Entonces ella encuentra su momento de decir: “Bueno, hago contacto con otro ser humano”. Pero es una relación muy compleja que ni ella entiende. Y yo tampoco. No sé si alguien lo entendió que me lo explique.
Yo sentía que le servía de contrapeso en ese sentido. Todos los personajes están en una frontera. Parece que están entre un lado y el otro, tirando de ella para ver si la llevan para este lado, para ese otro. Y él también está en una frontera extraña. Así como las mujeres de Jehová están en otra frontera donde también se la quieren llevar, pero ella está en su propia búsqueda.
La novela es profundamente sensorial. ¿Cómo trabajaste esa dimensión?
El hecho de hacerlo muy sensorial lo vuelve todo muy corpóreo, muy físico, muy sensual, si se quiere.
Cuando pienso en el monte virgen, agreste, pienso en un lugar que tiene mucha sensualidad. Las plantas se envuelven unas a otras. Hay algo erótico incluso en la aflicción de cuando veo plantas parásitas apretando a las otras. Hay frutos, hay frutos que son como sexos. Hay mucha exuberancia que tiene algo muy erótico, pero no solo en el sentido sexual, sino vital.
Estábamos hablando del ciclo del nacimiento perpetuo. De una abundancia maravillosa que tiene su lado hostil. Hay un lado profundamente violento en todo esto. Una violencia que está soterrada en la novela, no se exhibe línea tras línea.
Vienes de Uruguay. ¿Cómo influye eso en tu mirada sobre la naturaleza colombiana?
Vengo de un país donde la naturaleza es benigna, amable. Prados y bosques sin peligros. Es muy diferente a la naturaleza absolutamente desbordada del territorio colombiano.
Allá la naturaleza es brava. Hay una violencia porque es el trópico y nada es moderado, como ella misma dice en la novela: no hay mesura. Eso me impactó mucho llegando de Uruguay a Colombia. Ya llevo diez años viviendo acá.
En Uruguay está el mar, sí puede ser muy bravo. Pero nosotros no tenemos montaña. El hecho de que no tengamos elevaciones acentúa mi fascinación por la montaña como algo completamente nuevo, desconocido, exótico. Al mismo tiempo me atrae y me da miedo. Todas esas cosas las fui procesando y metiendo en el libro y en la protagonista.
Llevas una década en Colombia. ¿Cómo ha influido eso en tu lenguaje como escritora?
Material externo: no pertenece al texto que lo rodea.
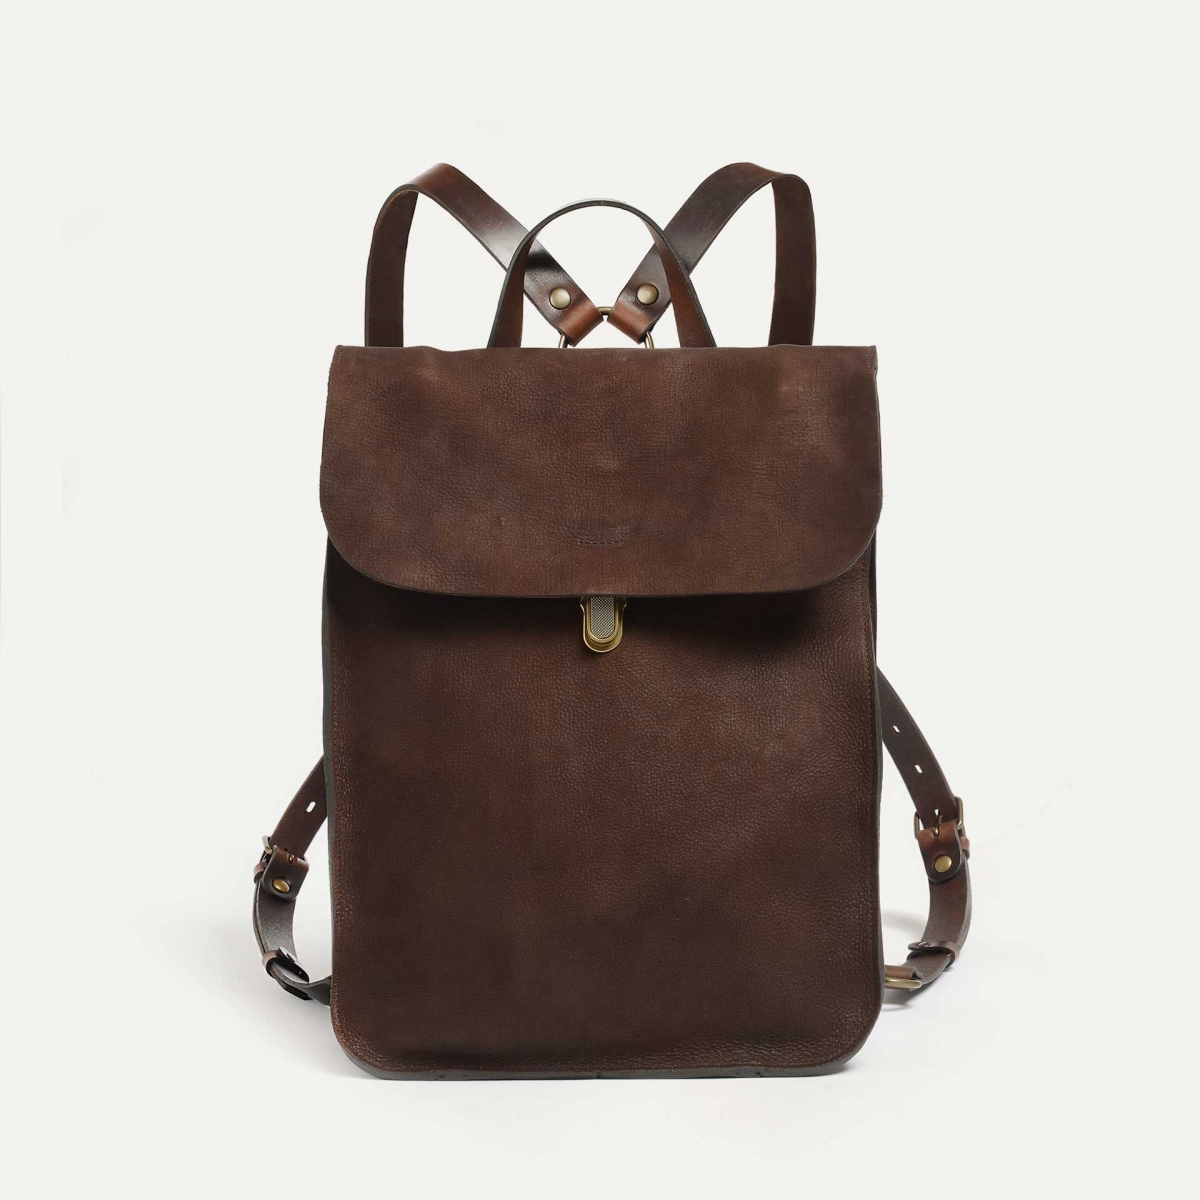 Puncho leather backpack WAX - Coffee / Waxed Leather (image n°1)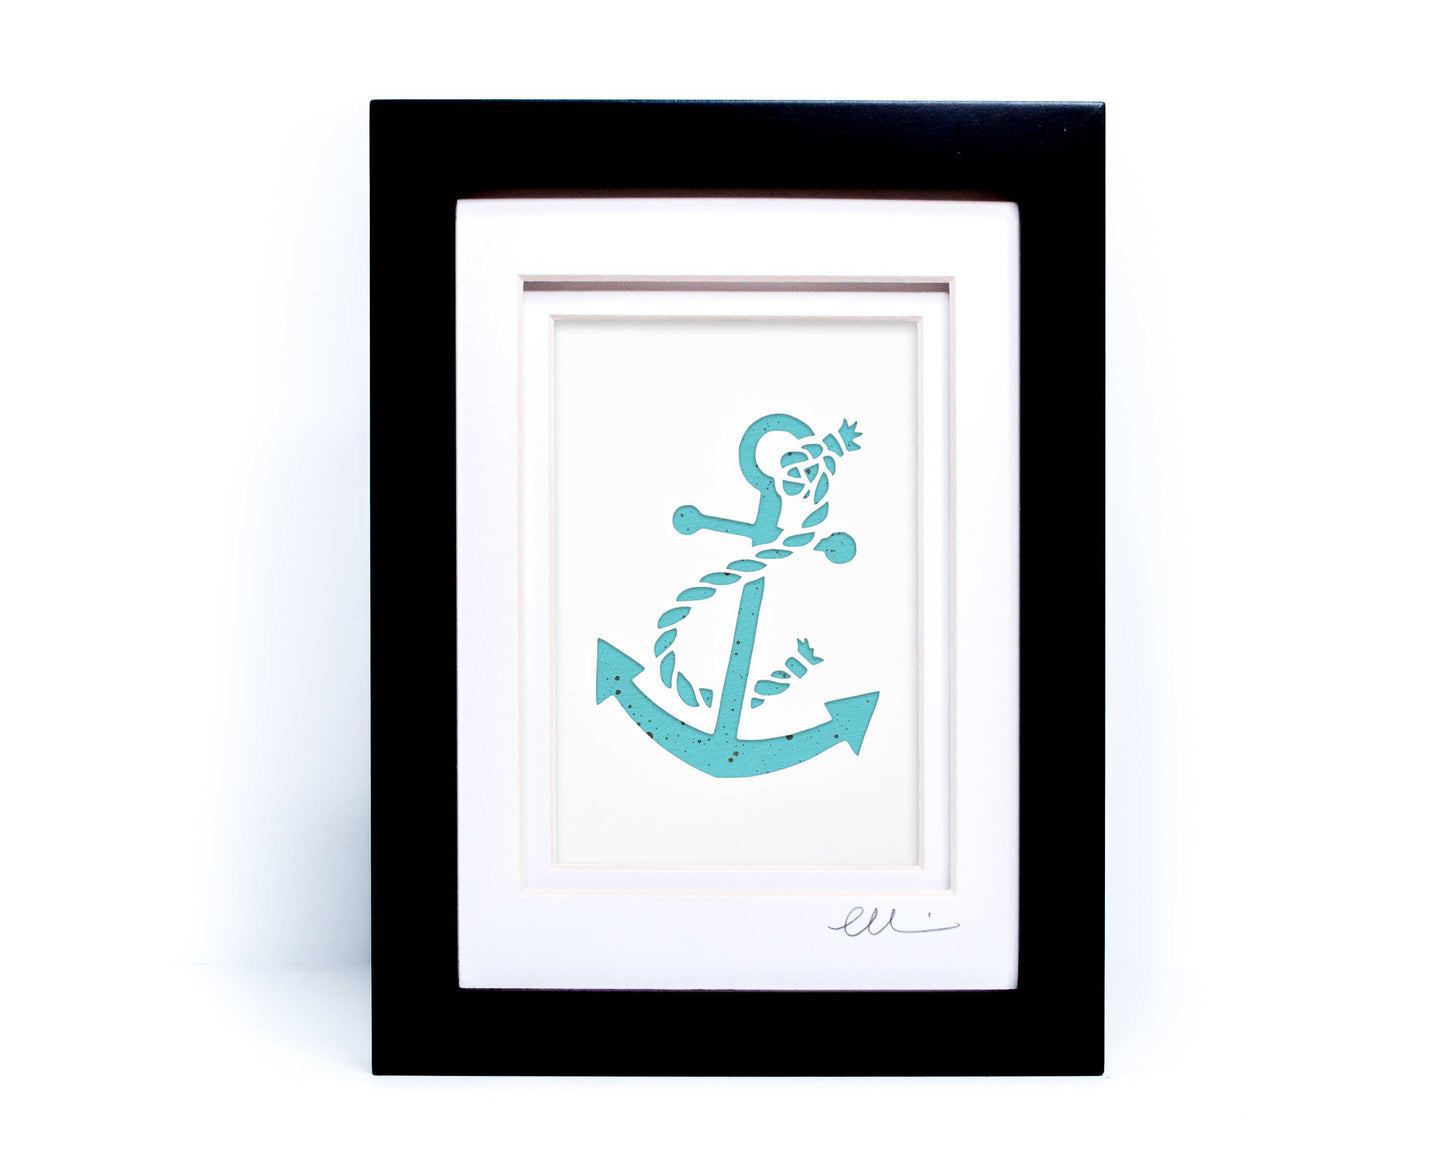 White nautical anchor twisted with rope papercut on hand painted teal background.

Sí, la lengua, los dialectos colombianos me han influido. Pero siempre es una lengua propia. No hablo colombiano. Pero los uruguayos me dicen: “Ay, tenés acento”. Soy consciente de muchas palabras que he incorporado porque me sirven más para nombrar lo que quiero nombrar.
En todos los países encuentras palabras que son perfectas y que solo se usan ahí. Es una palabra que no entiendo cómo el resto del mundo puede vivir sin ella.
Entonces he ido formando mi lenguaje propio a partir de agarrar lo que realmente siento que nombra mejor lo que quiero decir. Y en El monte de las furias es la primera vez que digo: “No voy a hacer un esfuerzo de sonar cien por ciento uruguaya. Voy a abrazar eso que soy, esa mezcla”.
Surgió una pregunta muy interesante: “¿Cómo genero verosimilitud en una habla que no es ni de acá ni de allá ni en ningún lado?”. Y eso hice. En la novela hay giros que se sienten, por un lado, muy uruguayos, pero los colombianos se identifican mucho porque hay otros giros, hay algunas palabras que utilizo. Fue un experimento, un salto al vacío, porque fue decir: “Abrazo la contaminación. No la combato”.
Estoy creando un mundo ficticio que no está establecido en Colombia ni en Uruguay ni en ningún lado. Entonces, ya que el universo ficticio es así, que la habla también tenga algo ficticio.
Es el lenguaje de esta montaña.
Efectivamente, es el lenguaje de esta montaña.